§ YOUR GOAL: Would you print the listing that follows exactly, but without its pictures?

§ SUPPLIED DATA:
···
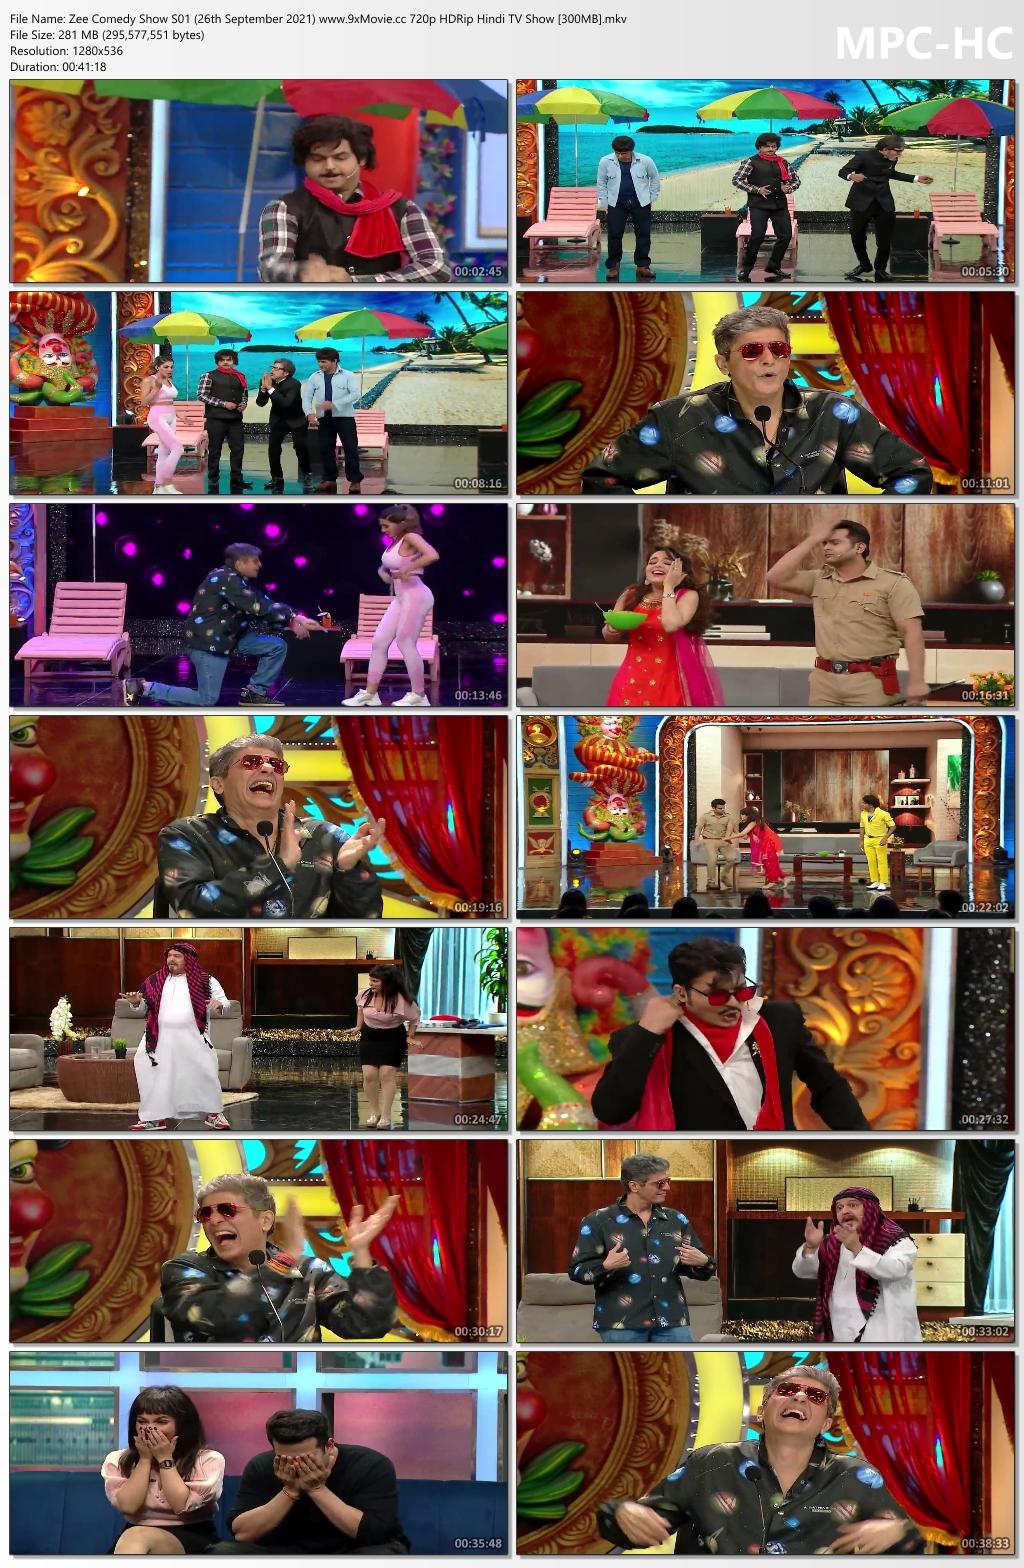 Zee-Comedy-Show-S01-26th-September-2021-www-9x-Movie-cc-720p-HDRip-Hindi-TV-Show-300-MB-mkv
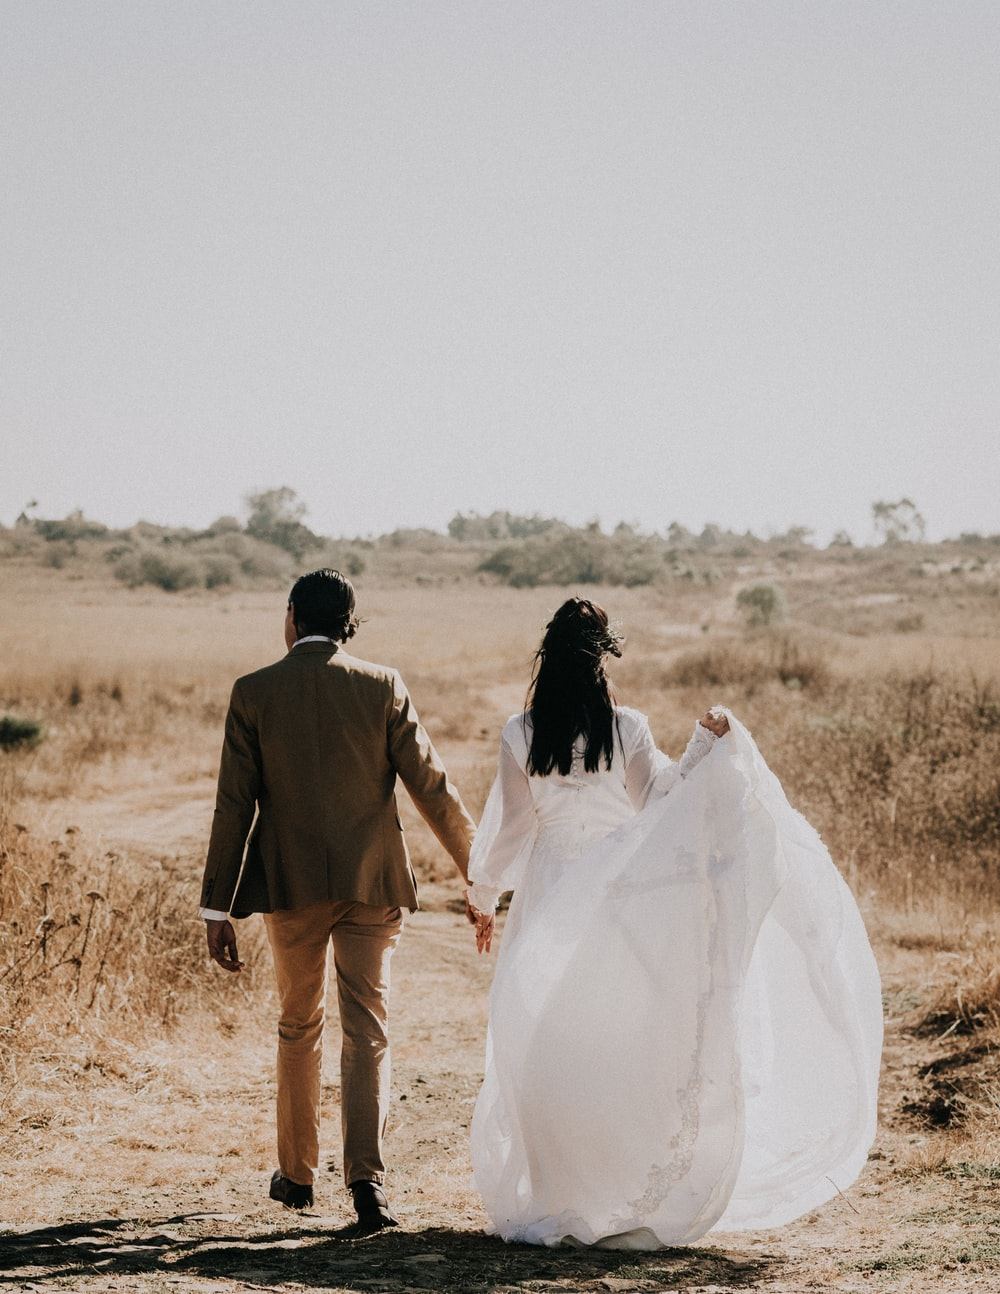 woman walking with man
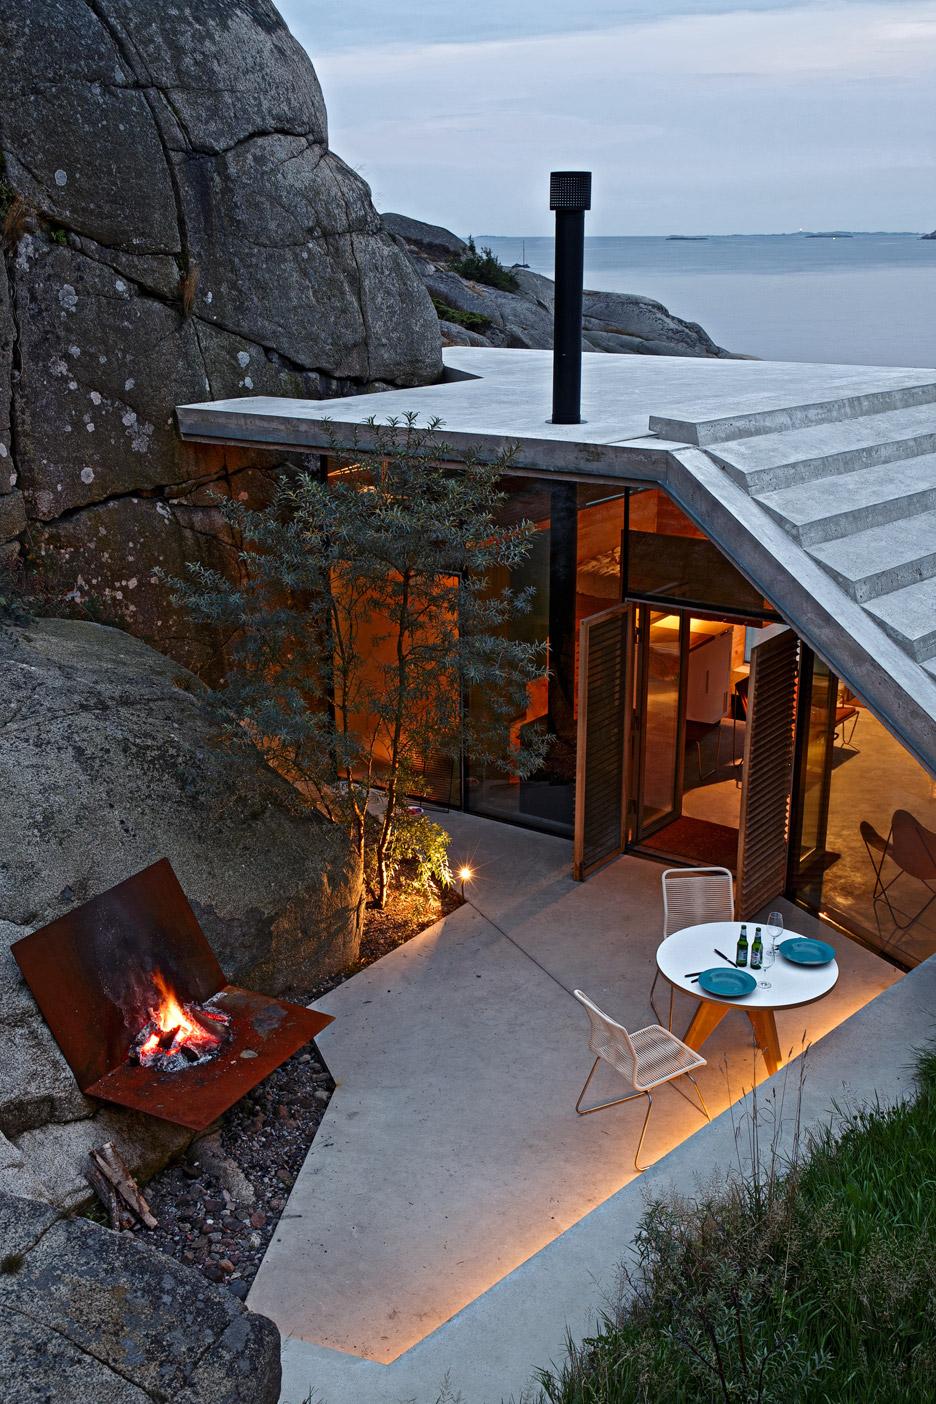 cabin-knapphullet-lund-hagem-kim-muller-photography-sandefjord-norway_dezeen_936_14
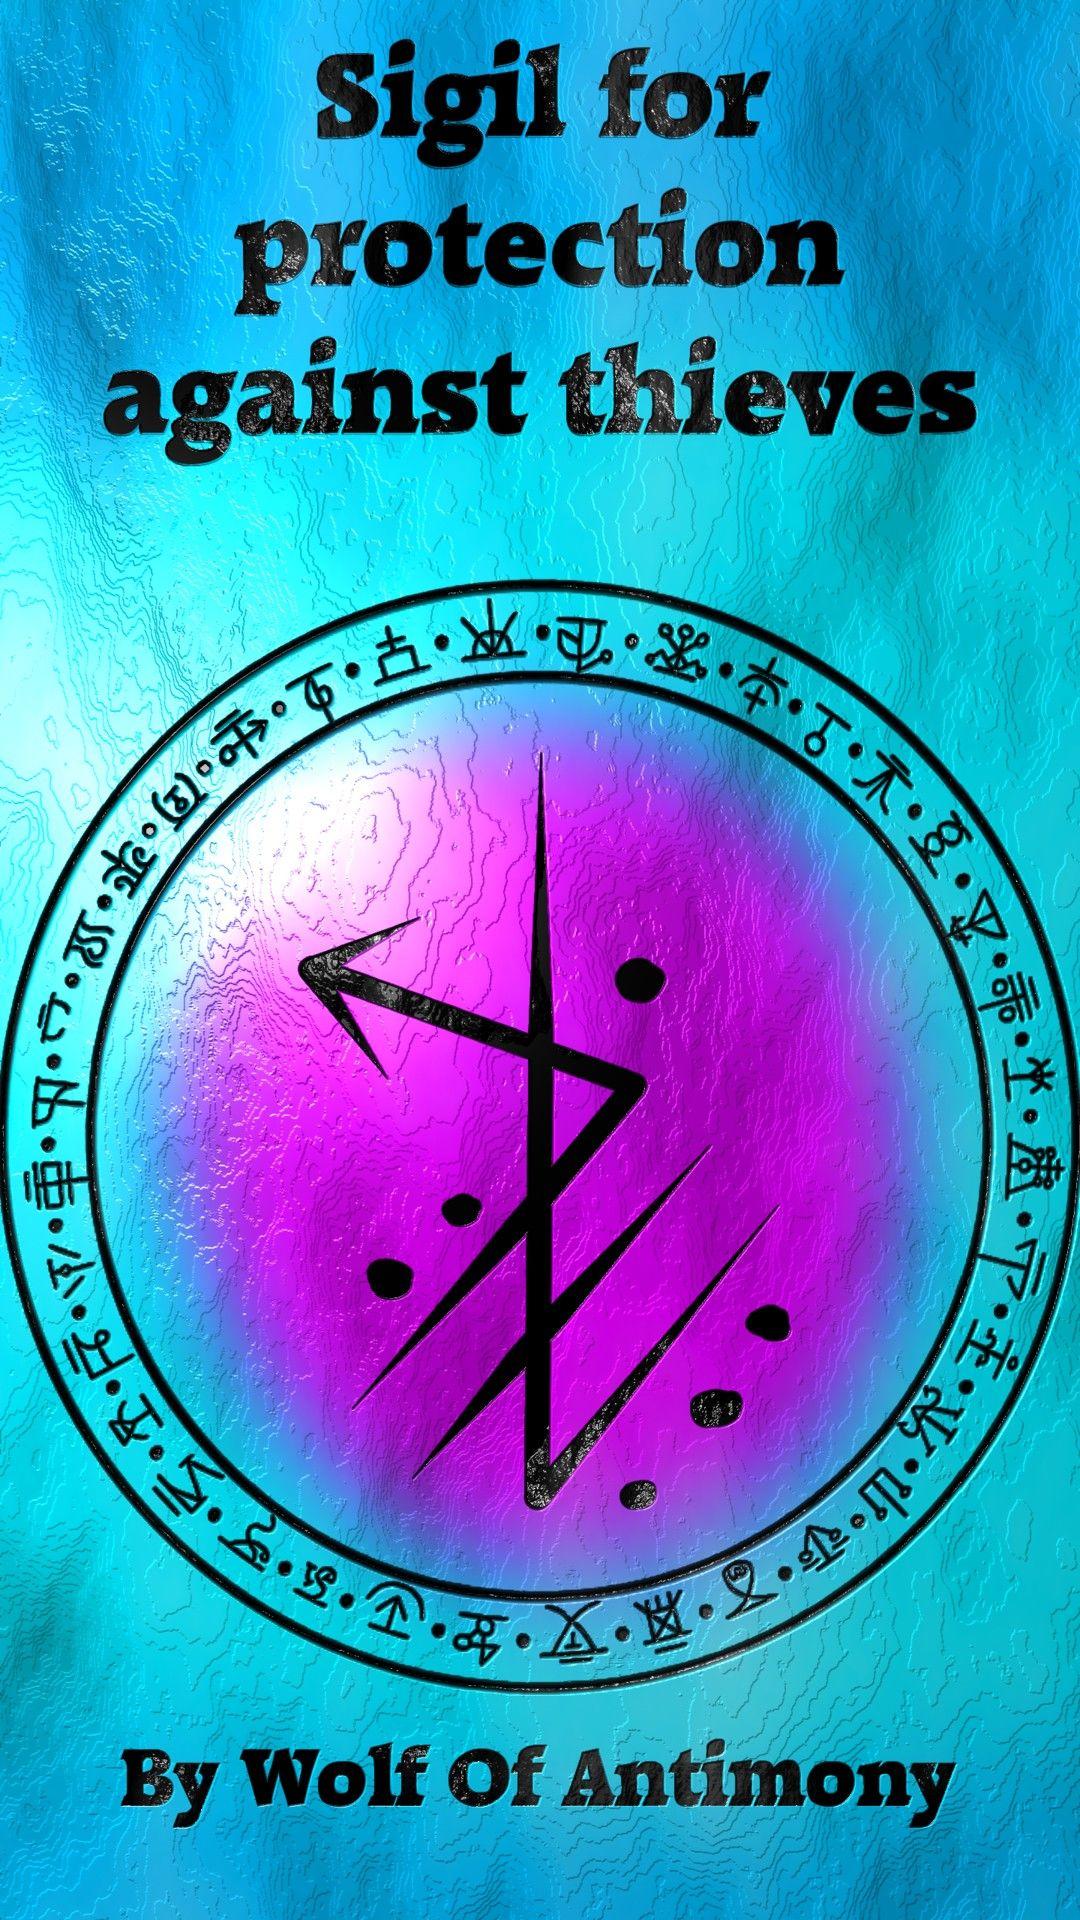 Pin by Raven Michelle Williams on Sigils | Magic symbols, Sigil
···
§ RESULT OF THIS EXERCISE:
 Zee-Comedy-Show-S01-26th-September-2021-www-9x-Movie-cc-720p-HDRip-Hindi-TV-Show-300-MB-mkv
 woman walking with man
 cabin-knapphullet-lund-hagem-kim-muller-photography-sandefjord-norway_dezeen_936_14
 Pin by Raven Michelle Williams on Sigils | Magic symbols, Sigil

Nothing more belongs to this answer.